Patience is a virtue: revisiting merge and sort on modern processors – Chandramouli and Goldstein 2014

This is a wonderful story. The seeds of an algorithm laid down over 50 years ago, rediscovered, brought up to date, and found to be highly relevant.

Our investigation has resulted in some surprising discoveries about a mostly ignored 50-year old sorting technique called Patience Sort.

Earlier in the series we found out that the cache management algorithm that comes first to mind for many of us, LRU, has been outperformed by a relatively straightforward scheme called ARC (Adaptive Replacement Cache). But who would have thought we could still improve on sort of all things after all these years! Sorting algorithms are one of the first things CS students learn – everyone has heard of quicksort. How many of us thought to ourselves “I wonder if there’s a better way?,” and then quickly ruled out any earnest attempt to find one on the grounds that so many people had already studied the problem extensively.

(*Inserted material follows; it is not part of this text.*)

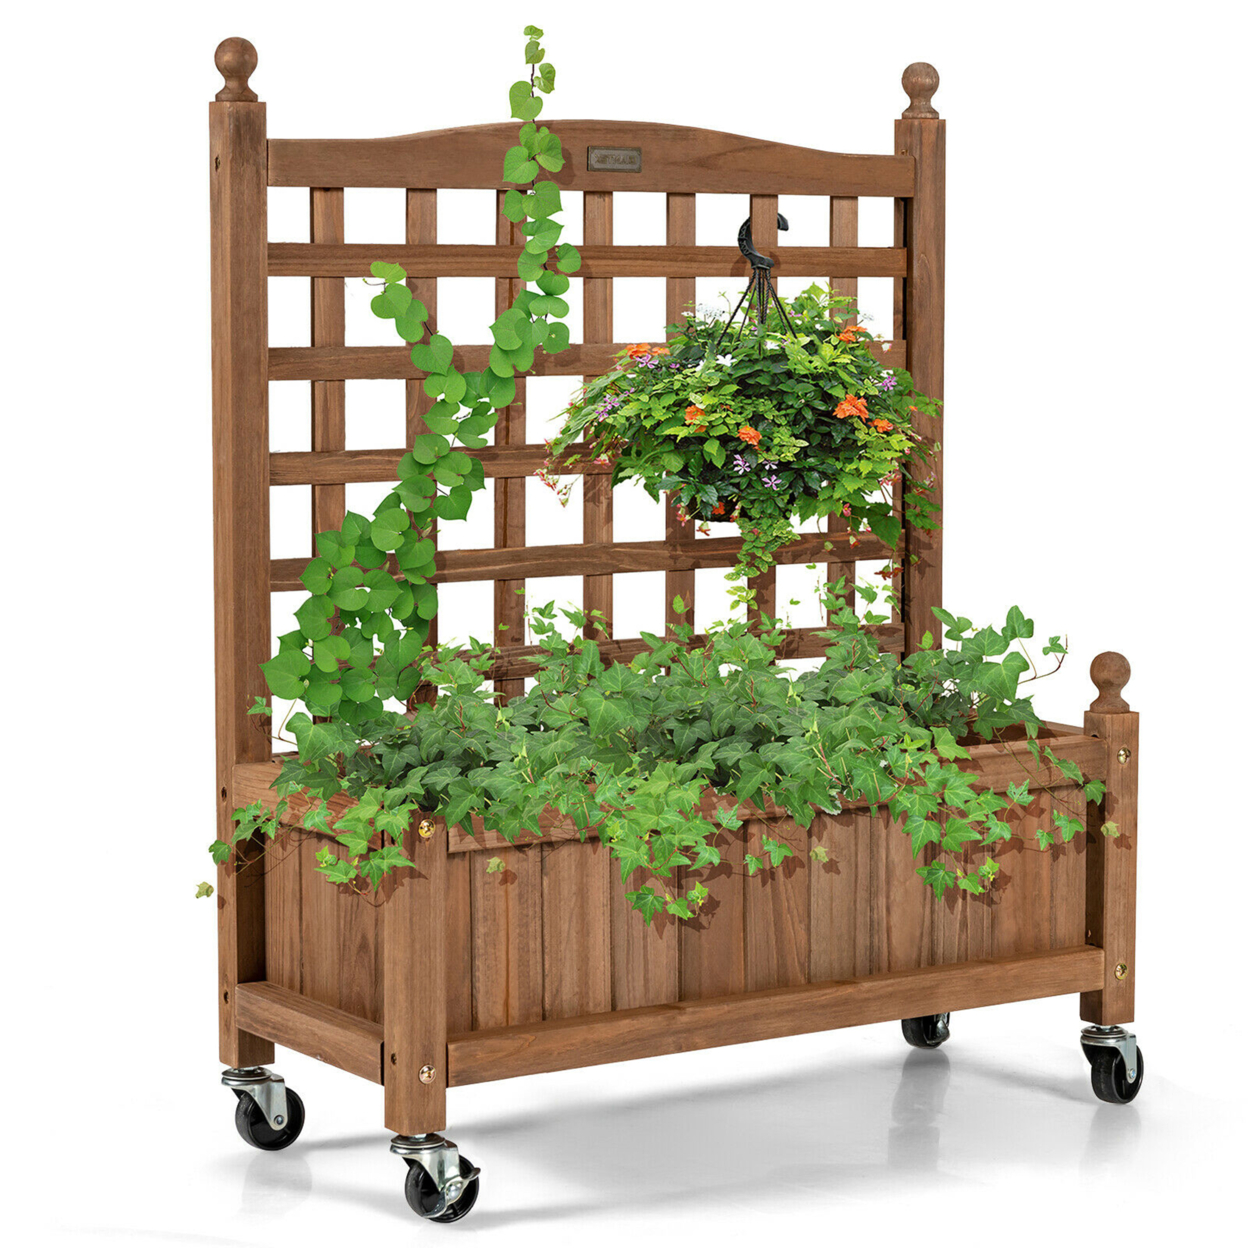 32in Wood Planter Box W/Trellis Mobile Raised Bed For Climbing Plant

Chandramouli and Goldstein took up that challenge:

We revisit the problem of sorting and merging data in main memory, and show that a long-forgotten technique called Patience Sort can, with some key modifications, be made competitive with today’s best comparison-based sorting techniques for both random and almost sorted data.

The ‘sorting almost-sorted data’ problem is highly relevant given today’s highly distributed systems, since it’s what we do every time we merge logs in time order for example. (Let’s put the questions of distributed clocks and synchronized time to one side for the moment).

The refined algorithm uses an easily understandable technique called Ping-Pong Merge (because it bounces between two arrays merging sorted runs into the final overall order) to create a sorting algorithm P3-Sort (Ping-Pong Patience Sort).

So how does it do? First the case for almost-sorted data:

Looking to the literature on sorting almost sorted data, the best-known current technique is Timsort, which is the system sort in Python, and is used to sort arrays of non-primitive type in Java SE 7, on the Android platform, and in GNU Octave.

Fairly well entrenched then…. but here comes P3-Sort:

In all cases but already sorted data, P3 Sort is faster than Timsort. For the case where 5% of the data is disordered by a large amount, P3 Sort is between 3x and 4x faster than Timsort.

3 to 4x faster than the best known prior algorithm is astonishing! In the worst case of already sorted data, P3-Sort is only 10% slower than Timsort.

What about sorting of truly random data?

P3-Sort is about 20% faster than GNU Quicksort on random data

20% for a problem that has been so well studied over the years is once again, a massive leap forward.

Then of course there's the replacement selection sort use case – sorting of datasets too large to fit into main memory.

The faster approach, which deeply integrates P3 Sort into selection sort, improves CPU performance/throughput by 3x – 20x over classical selection sort

The authors believe that this new version can reduce the number of passes needed to sort logs with bounded disorder, from 2 passes down to 1. Thus interest in replacement sort may revive after 15 years in the doldrums.

In the conclusions the authors also note the potential for the techniques to be applied inside a DBMS, and that many further optimisations to P3-Sort are anticipated.